Burngreave Messenger.
Issue 39 March 2004


by Mark Lankshear

Rose Ardron arrived in Burngreave in the 70s with a group of builders, helping fit indoor toilets, insulation and rewiring homes. From those early days of direct action she always wanted to find somewhere useful to put her energies. As a founder member of BCAF and the Sheffield Women’s Forum she has gone on to become the Community Chair of the New Deal Partnership Board.

So how did you get involved in trying to improve the area?
“In those days we just got on with it, like pushing prams in fancy dress to fund raise for the Adventure Playground. I trained as a joiner and I ended up co-ordinating women’s training in Worksop. We provided a nursery and transport, the kind of positive action that’s still needed if we’re going to get women involved in the improvements in our area.”

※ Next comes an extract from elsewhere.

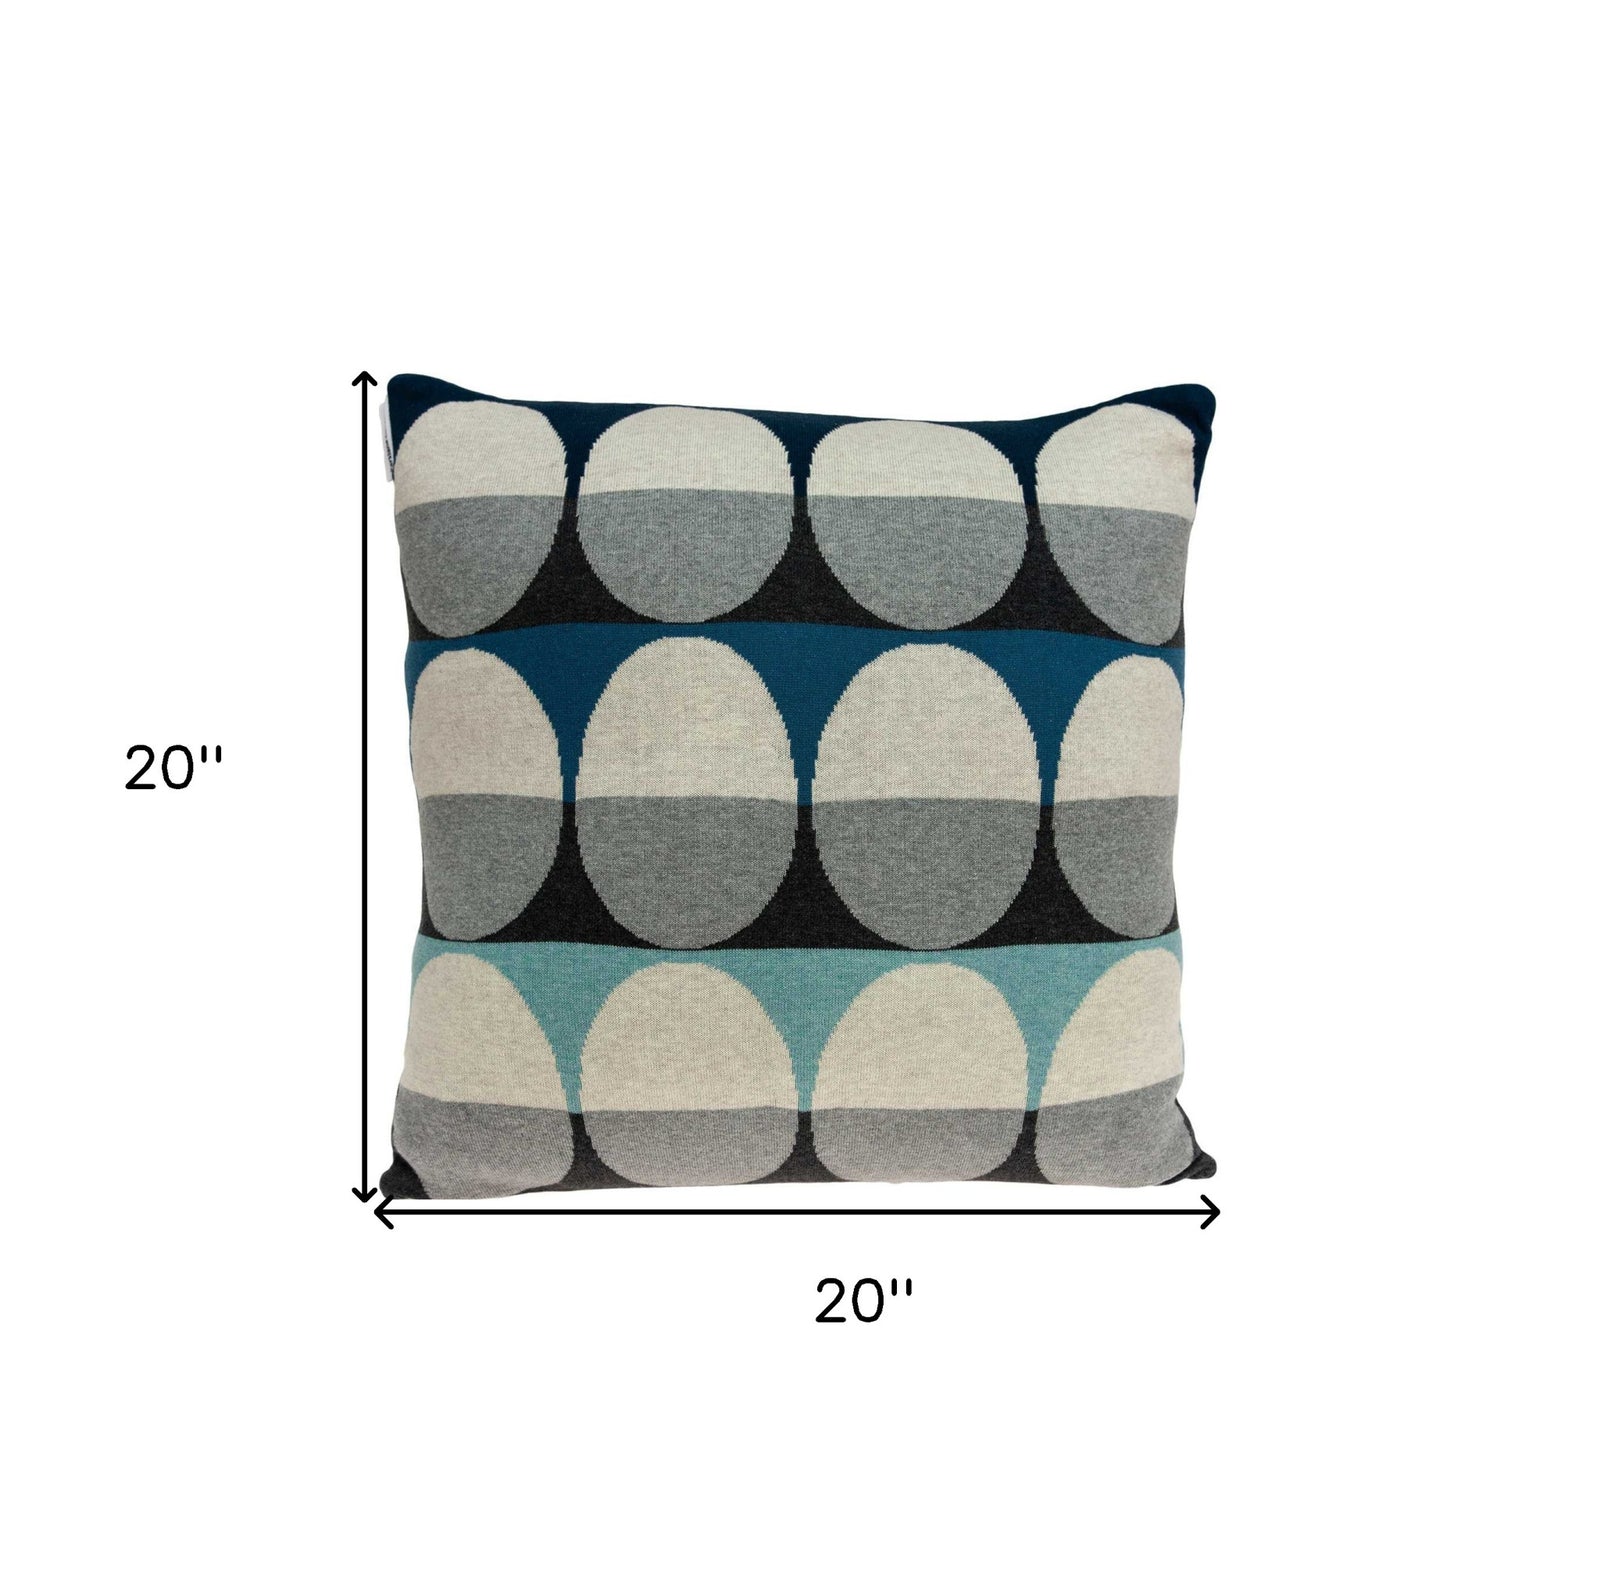 20" X 7" X 20" Transitional Gray And Blue Pillow Cover With Poly Insert

How did you get involved in the New Deal?
“When New Deal arrived it was like a tidal wave. It brought lots of benefits but didn’t really build on what was already here. I thought that instead of pressing for change from the outside I should get my hands dirty. It’ll never be everything we hoped, but the challenge is ‘How do we make the best of it?’”

How do you feel the New Deal is going?
“We’re getting a reputation as a New Deal who’s got its act together. There are excellent Community Reps and I’m proud we won the battle to keep a community Chair so the leadership stays in community hands. After the pain of the first few years we’ve got a good run at the middle chunk. Things are starting to happen like the Learning Campaign, the Neighbourhood Wardens and improvements to Spital Hill.”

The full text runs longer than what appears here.